Kopljar’s sealing of the institutions, without any illusions, bears the index of an exhausted model. Not in a negative sense, because it is a consequence of the commercial logics that new curators and cultural workers – all those who are close to Situationism and cultural production as the festival of democracy – have difficulties dealing with. In a futuristic and epic frame – so far utopian – the desire of the artist to drastically confront with the two museum institutions would be completely unnecessary. At the present moment, it functions as the tactics of making through the second or the side entrance into the museum. Everything else is metaphysical or a story that is hard to resist because of its powerful symbolical meaning and possible philosophical explanations.

One such story is definitely worthy of attention and clearly shows that Kopljar is an utterly disciplined cultural worker. He did an indexation of his work and carefully developed the concept of the empty both performatively and using the film medium. First he used the hammer to clear the galleries from unnecessary content, with the help of the audience. Then he was humbly kneeling in front of the Guggenheim Museum in New York, with no desire to refer to the content hidden behind the attractive façade. At one moment, he also dug up a black hole (K16) into which he disappeared. Two indices later, his phosphorescent suit was emptied in an immediate vicinity of a forest creek (or a river?). The installation made of two concrete institutions (Tate Modern and MoMA) is accompanied by two film records in the galleries. They are both completely black and show the reflection of the candle flame on two different backgrounds – black plastic and the material used for the artist’s phosphorescent suit. The reflections are dimmed, especially on the background for the suit. In other words, the material that glowed with light in numerous performances under the index K20 greatly nullifies it. (Third digression: Before he crossed the thin line of death, the famous French writer Victor Hugo said that he saw black light.)
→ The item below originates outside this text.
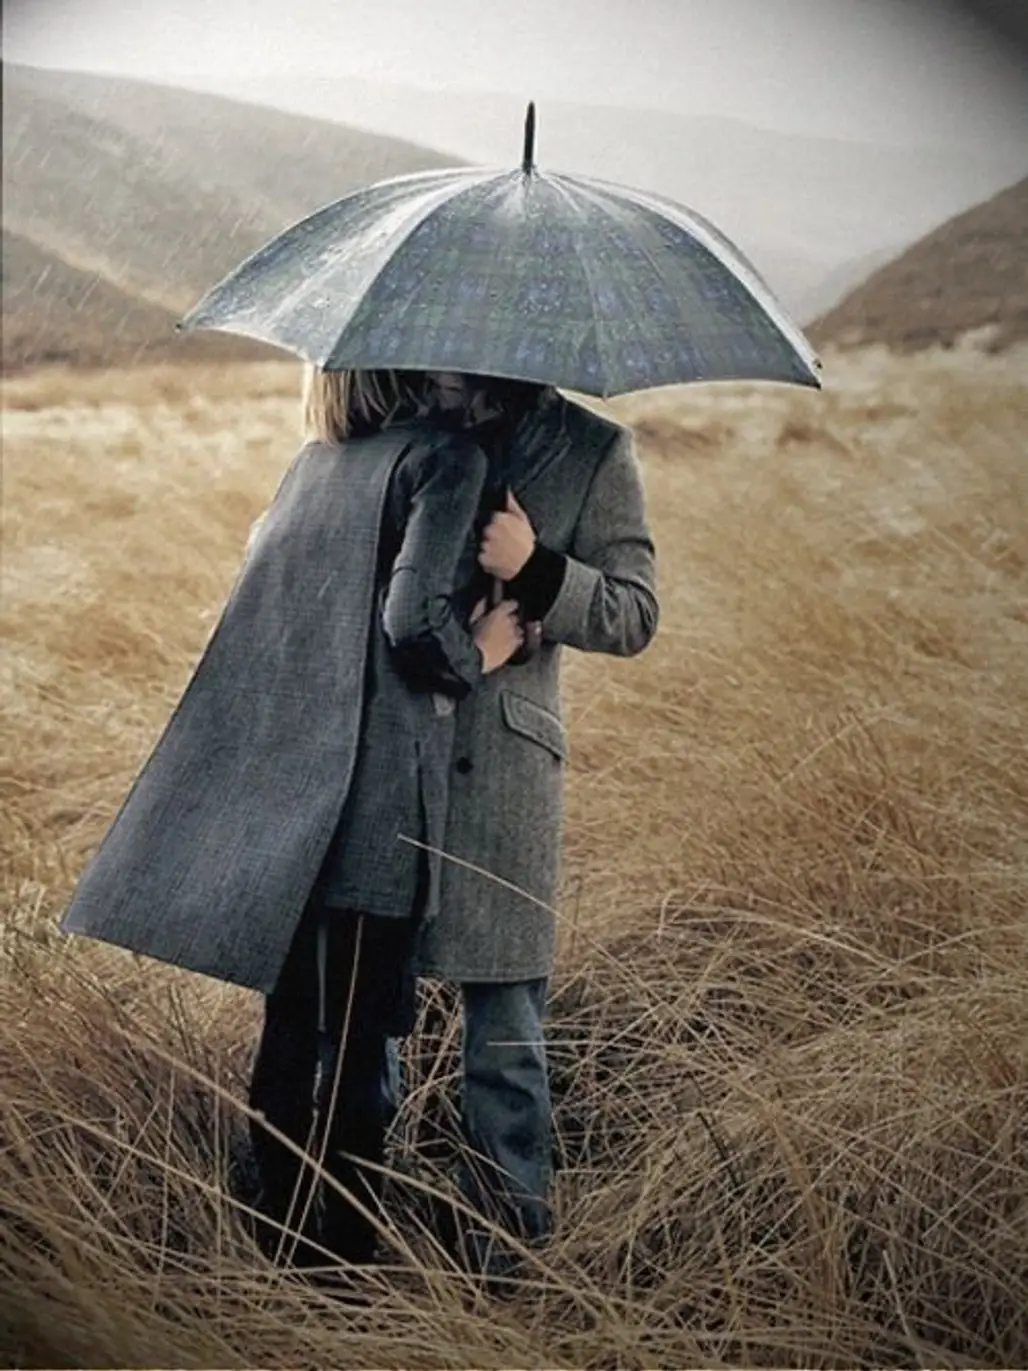 Grey Umbrella

Just like Gordon Matta-Clark followed the black light and the posts of the homeless situated under Manhattan with his film camera four decades ago, Kopljar has recently symbolically worked on the decomposition (or emptying) of the content of great museums. There is no doubt that this is too big of a task and someone might make a spiteful comment that the old phrase – fight fire with fire is rather appropriate. The model of the exhausted modernism is good to provoke from within, using the same logic. There are a couple of unavoidable coincidences to indicate in the end. Kopljar and Clark are not connected only by the first initial, the fact that their tactics overlapped on the same screen in Labin in March 2016, or the fact that they used the film medium to search for the new background, walked through the dark tunnels or preferred demolition over building. Something that connects them the most might just be the wide background in front of and behind the Guggenheim Museum on which Kopljar was kneeling and under which Matta-Clark and his associates undertook an archaeological expedition only five years after Hans Haacke was banned from the museum because he explored the ownership relations of the real estate business in the city that never sleeps. The mentioned research and expeditions, although conducted at different times, clearly show that architecture is a completely specific situation. In that context, Clark’s term anarchitecture is still rather applicable (the scheme of narc-o-tecture also exists in the written legacy).